Top/Hwk2Solns

1. L = { <D> | DFA D accepts some input having three consecutive 1's }

This language is decidable. Here is a proof:

The following algorithm decides L, given <D>.

1. Construct (the encoding of) a DFA B such that L(B) = { Σ^* 111 Σ* }, the set of strings having at least three consecutive 1's.

2. Construct the DFA C such that L(C) = L(D) ∩ L(B), using the standard construction that shows that the regular languages are closed under intersection.

3. Test whether L(C) = ∅, using the algorithm from the book (check for a path from the start state to any accept state).

4. If L(C) is empty, reject, else accept.

We leave as an exercise that this algorithm decides L.

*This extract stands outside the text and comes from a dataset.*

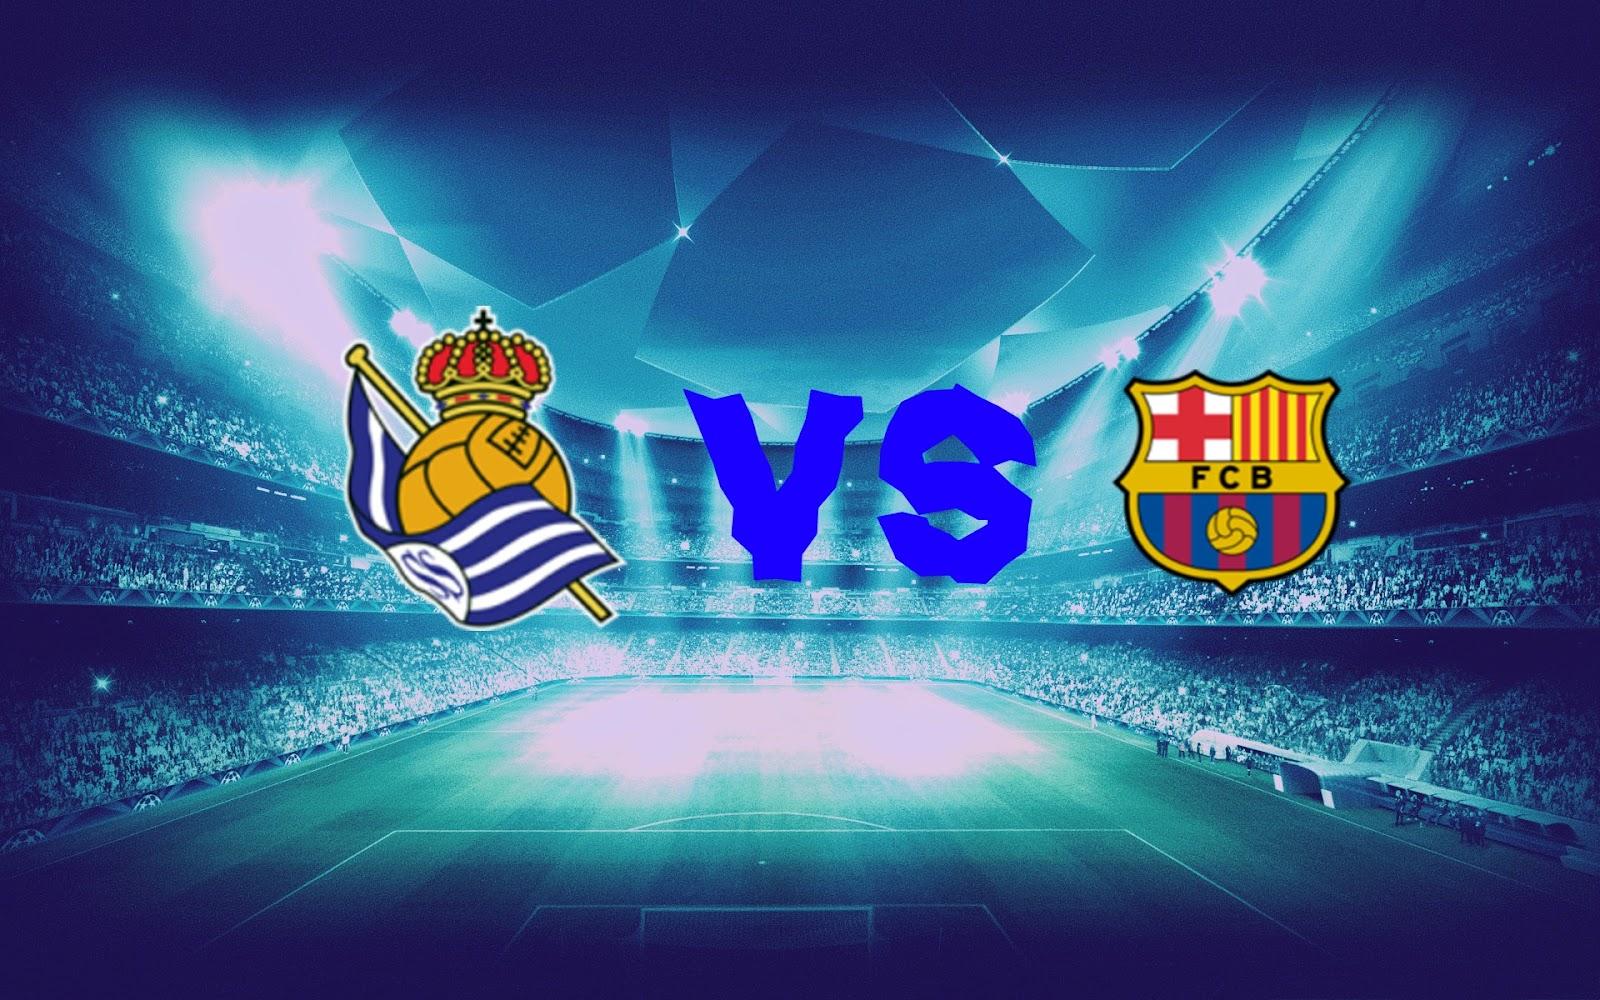 نتيجة مباراة برشلونة وريال سوسيداد اليوم 15-08-2021 الدوري الأسباني

2. L = { <M> | M is a Turing machine that accepts an even palindrome }

L is not decidable. To prove this, note that the following Turing machine reduces A_TM to L:

1. On input <M,w>:

2. Construct Turing machine M' that does the following on input x:

1. Simulate M on w. If M accepts w, accept x.

Then <M,w> ∈ A_TM if and only if <M'> ∈ L.

To see why, note that if M accepts w, then L(M') = Σ^*, so <M'>∈ L,

and otherwise (M does not accept w), then L(M') = ∅, so <M'> is not in L,

Since A_TM reduces to L, and A_TM is undecidable, so is L.

3. L = {<M> | M is a Turing machine that accepts more than 10 strings }

L is undecidable. To prove it, note that the reduction from the previous problem also works here. That is, that reduction, given <M,w>, produces <M'> such that

if M accepts w, then L(M') = Σ^*, so <M'>∈ L,

and otherwise (M does not accept w), then L(M') = ∅, so <M'>¬∈ L.

Since A_TM reduces to L, and A_TM is undecidable, so is L.